City considers expanding definition of CDBG funds in economic development quest

       It's still early in the process, but the city has begun looking at ways to use federal Community Development Block Grant (CDBG) funds to help businesses and/or foster historic preservation.
       Initial plans are being worked out between Housing Development - which has traditionally disbursed the CDBG funds that come to Colorado Springs - and the city's recently formed Office of Economic Vitality & Development.
       Input will be sought from the public at some point. “We won't just say 'Here's our plan, here you go,'” commented Valorie Jordan, director of Housing Development.
       One probable plan proposal, she said, will be that of offering low-interest loans to businesses, similar to the approach used in revitalizing Old Colorado City 30-some years ago. However, the thinking this time is to make that program citywide, she said.
       City Councilmember Lisa Czelatdko, whose District 3 includes the older Westside, took the lead in initiating both the CDBG ideas. Nationwide, “some great things for historic preservation have been done with CDBG money,” she said. As for such funds helping businesses, she said she set out a few weeks ago “to see if economic development assistance from housing redevelopment can be utilized” in that way and learned from Jordan that the answer is yes. All that's lacking is “a program to make it happen,” the administrator explained.
       The current CDBG goal, as stated on the city website, is “to develop viable urban communities by providing decent housing and a suitable living environment and expanding economic opportunities, principally for persons of low and moderate income.”
       In 2011, the federal department of Housing and Urban Development (HUD) gave Colorado Springs a total of $2,327,618 in CDBG funds. How much of this might be set aside for business/historical eligibility is yet to be determined.
       On the Westside, for some 30 years, a portion of the city CDBG funds has been dedicated annually to a Neighborhood Strategy Area (one of several NSA's in the city, that was designated mainly because of its aging infrastructure and its residents' relatively low income levels). For the Westside, CDBG assistance has typically included housing rehabilitation and street improvements (mainly curb, gutter and sidewalks).
       In her CDBG research, Czelatdko found a HUD document titled “Preserving America,” which tells how historic preservation and “heritage tourism” are eligible for CDBG funding and lists communities nationwide that have used it for those purposes. Recently, she suggested that $10,000 from CDBG could be directed specifically for the Westside historic overlay that's been under discussion for several years.
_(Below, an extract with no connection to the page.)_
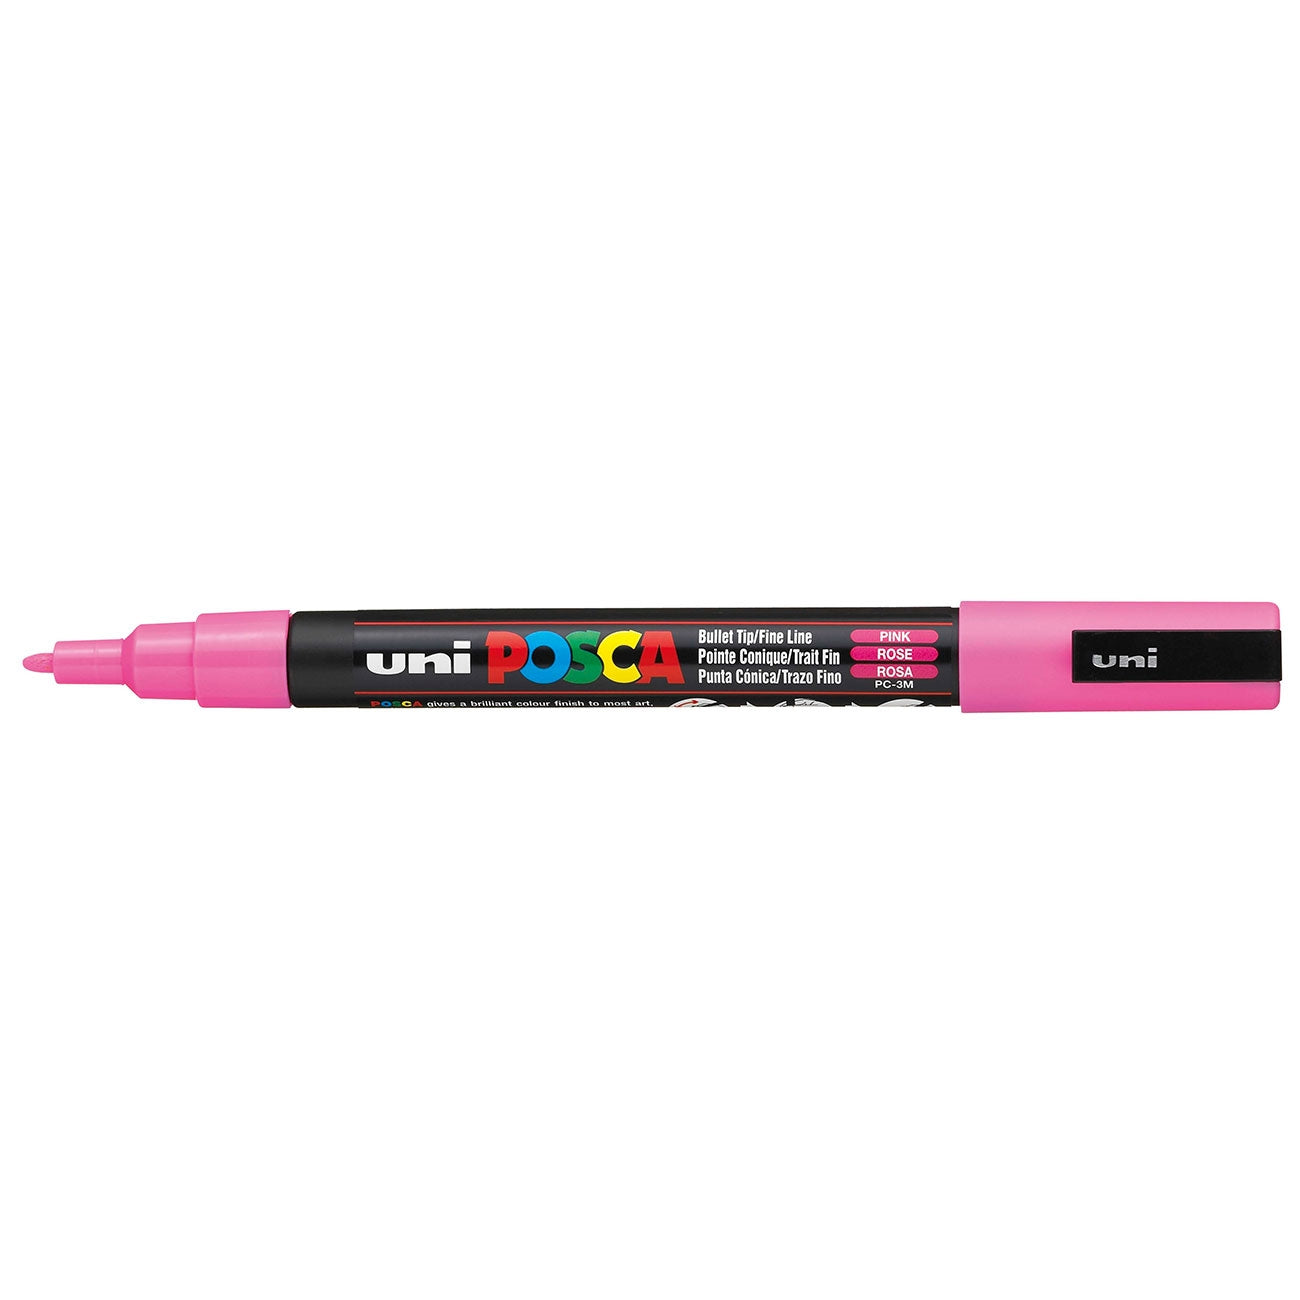 POSCA Marker Pen PC-3M - Full Range 27 Pen Set - All Colours

       Support on the preservation side has come from Dave Hughes (who helped lead past Old Colorado City renovation efforts) and Or-ganization of Westside Neighbors (OWN) President Welling Clark. When Czelatdko told them that historic preservation is not listed in the city's strategic plan or as part of the housing policies, Hughes brought out the 1980 Westside Plan, a city ordinance that has a section titled “Preserve Historical Architecture” followed by: “Preserve, enhance, and facilitate the use of the Westside's historical and architectually significant buildings.”
       And, Clark produced a spreadsheet listing state/ national regulations that back the principle of using CDBG funds for preservation.